Since 1987, the EPA has registered the Toxics Release Inventory (TRI), which contains the 100 most commonly used data fields of the Form R TRI notification and the Form A Certification Statement. Among the variables measured are toxic pollutants released to the air in two forms (1) fugitive or non-point air emission, which refers to gases and vapors lost in industrial equipment, either through leaks, vents, or spills, and (2) stack or point air emission, which refers to direct emissions from industrial processes through primarily stack stacks.

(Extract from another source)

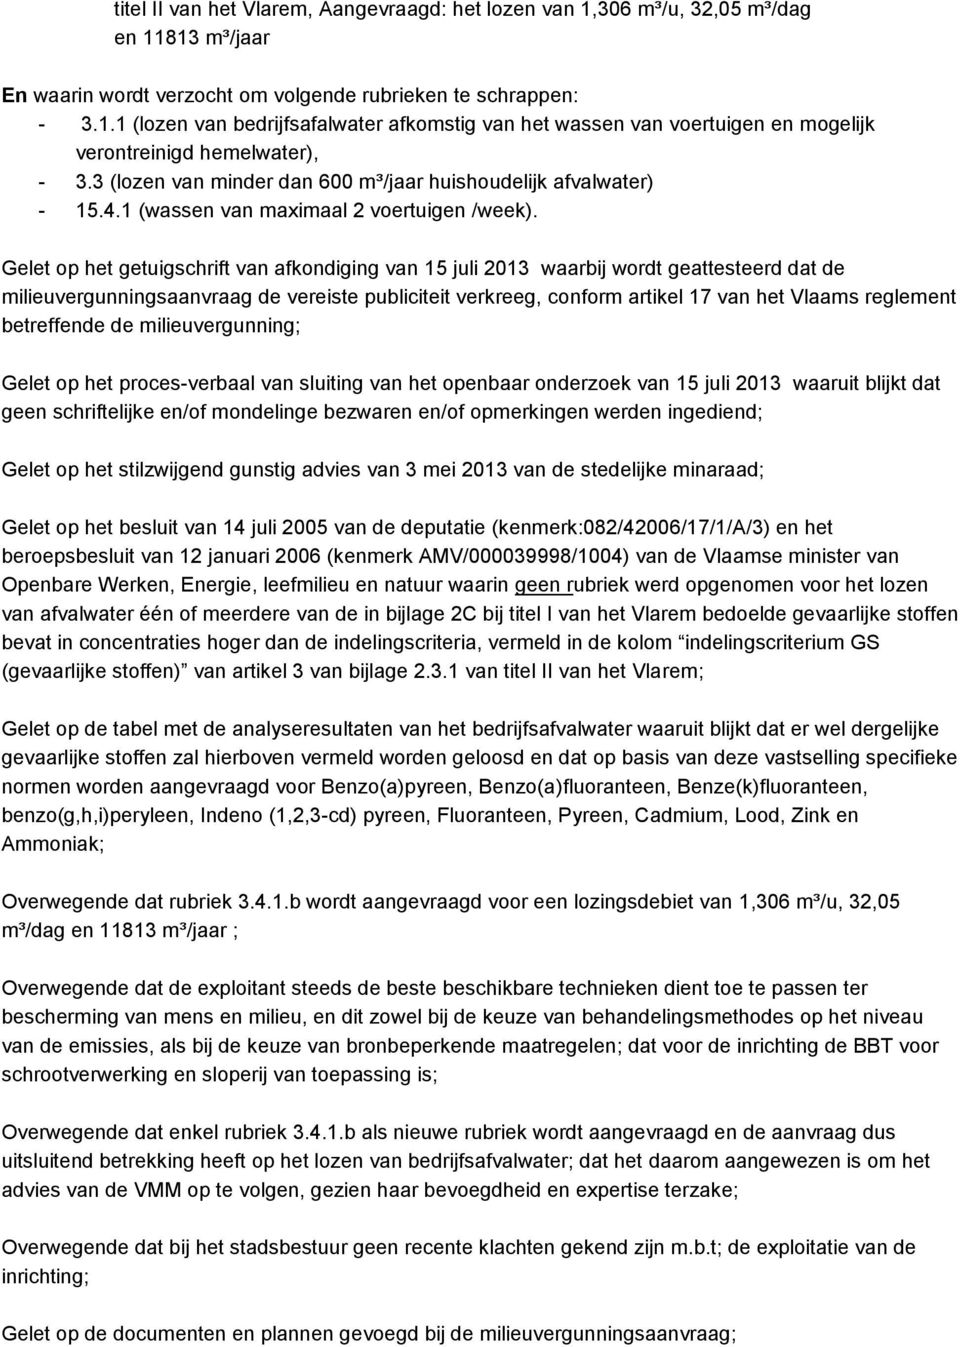 Gelet op het getuigschrift van afkondiging van 15 juli 2013 waarbij wordt geattesteerd dat de milieuvergunningsaanvraag de vereiste publiciteit verkreeg, conform artikel 17 van het Vlaams reglement

Toxic substances emitted into the air can be both carcinogenic and non-carcinogenic, the latter being those that are released in greater proportion to the environment, reaching more than 10 times the carcinogenic ones per year. In both cases, for both carcinogenic and non-carcinogenic substances, a decreasing trend has been observed over the last 20 years pasando de cerca de 13,000 metric ton de contaminantes en el 2004 a cerca de de la mitad 6,500 metric ton en el 2023 (Figure 1).

Figure 1: Figure 1. Total emissions of toxic pollutants released into the air per year in the state of Mississippi, US, over the last two decades.

If we look in more detail at the county level, we can see that over the last two decades there are seven counties (Harrison, Jackson, Lawrence, Lowndes, Perry, Warren, and Yazoo) that are always in the top 10 of the highest emissions each year (Figure 2), even though Harrison County alone produced around 30% of the total emissions for the years 2013 and 2014. This group of counties (top 10) have led the state’s total emissions throughout the twenty years, concentrating a high percentage of total emissions, with an increasing trend in this percentage of participation over time with values above 70% in 2004, with a maximum peak of 90% in 2014 and maintaining around 80% of total emissions of toxic air pollutants in the last 5 years (Figure 3).

Figure 2: Top 10 counties releasing the highest emissions of toxic pollutants into the air in the state of Mississippi by year.

Figure 3: Percentage of toxic air pollutant emissions from the top 10 counties by year.

Finally, we can observe that in general, the highest percentage of counties in the state of Mississippi maintain low levels of air emissions either by fugitive or stack and only a few counties are the most responsible for emissions, mainly in the southern part of the state. In addition, it should be noted that unfortunately for the period 2004 - 2023 the EPA has no air emissions records for 7 counties, which does not necessarily imply zero emissions in those locations (Figure 4).

Figure 4: Map of average annual emissions of toxic contaminants for the period 2004 - 2023 for each county in the state of Mississippi.